Figure 1. Summary of All Soybean and Arabidopsis Experiments Carried Out To Date. Summary of GeneChip, qRT-PCR, NextGen Sequencing, and promoter-GUS, and RNAi experiments carried out to date - including GEO and GenBank accession numbers for relevant datasets. A list all seed compartments, tissues, and regions used for soybean (left) and Arabidopsis (right) LCM and GeneChip experiments. PREGLOB, GLOB, HRT, LCOT, BCOT, EM, MG refer to pre-globular, globular, heart, linear-cotyledon, bent-cotyledon, early-maturation, and mature green-stage seeds, respectively.

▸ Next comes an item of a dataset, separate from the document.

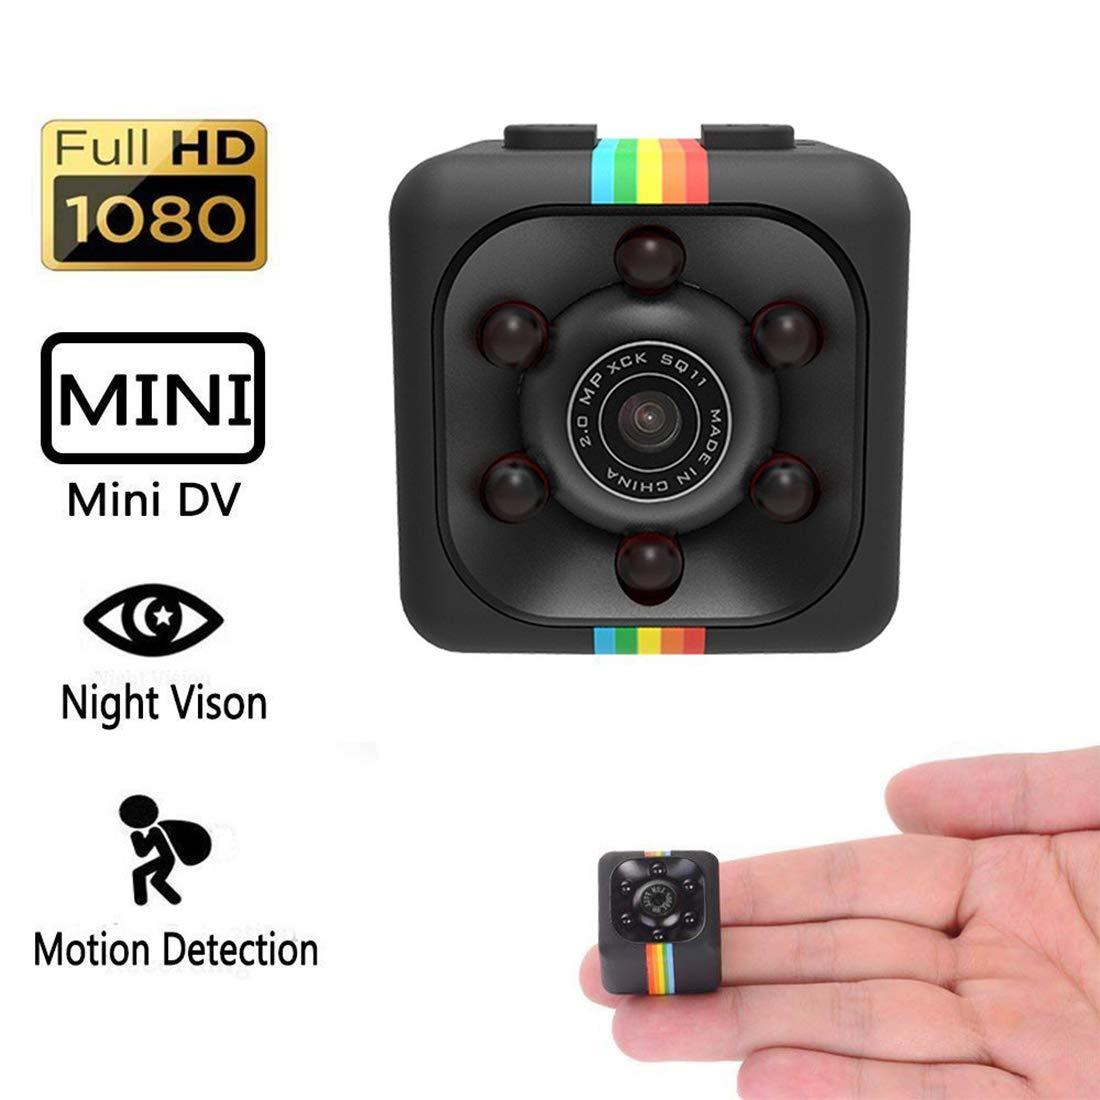 YOMYM Caméra Cachée 1080P Mini Caméra Espion Portable HD Nanny avec Vision Nocturne et Détection de Mouvement pour Caméra de Surveillance de Sécurité Intérieure/Extérieure (Noir-02)

Figure 2. Soybean gene models detected within mRNA population during soybean seed development and in specific seed compartments and tissues through RNASeq profiling experiments. Whole seed, whole cotyledons, and LCM refer to mRNA sequences obtained from the entire seed, cotyledons only, and specific seed compartments and regions, respectively. Abbreviations are defined in the legend to Figure 1. Union refers to the union of diverse mRNA sets detected throughout seed development.
Figure 3. Gene activity in soybean globular-stage seed. (A-B) Globular-stage whole mount seed and longitudinal paraffin section used for LCM. (B) ep, epd, ent, es, hi, ii, oi, and sus refer to embryo proper, epidermis, endothelium, endosperm, hilum, inner integument, outer integument, and suspensor of globular-stage seed, respectively. (C-F) summary of GeneChip experiments with mRNAs from globular-stage seed compartments, tissues and regions captured using LCM. BR, TF, and WS refer to biological replicates, transcription factor, and whole seed, respectively. (G) soybean gene models represented in globular-stage seed mRNA populations using GeneChip and RNASeq experiments. ND refers to not determined.
Figure 4. Gene activity in arabidopsis globular-stage seed. (A) Globular-stage seed longitudinal paraffin section showing tissues and regions captured using LCM. (B) Summary of GeneChip experiments with mRNAs from globular-stage seed regions and tissues captured using LCM. GSC, PEN, MCE, EP, SUS, CZE, and CZSC refer to general seed coat, peripheral endosperm, micropylar endosperm, embryo proper, suspensor, chalazal endosperm, and chalazal seed coat, respectively. Abbreviations are defined in Figure 3.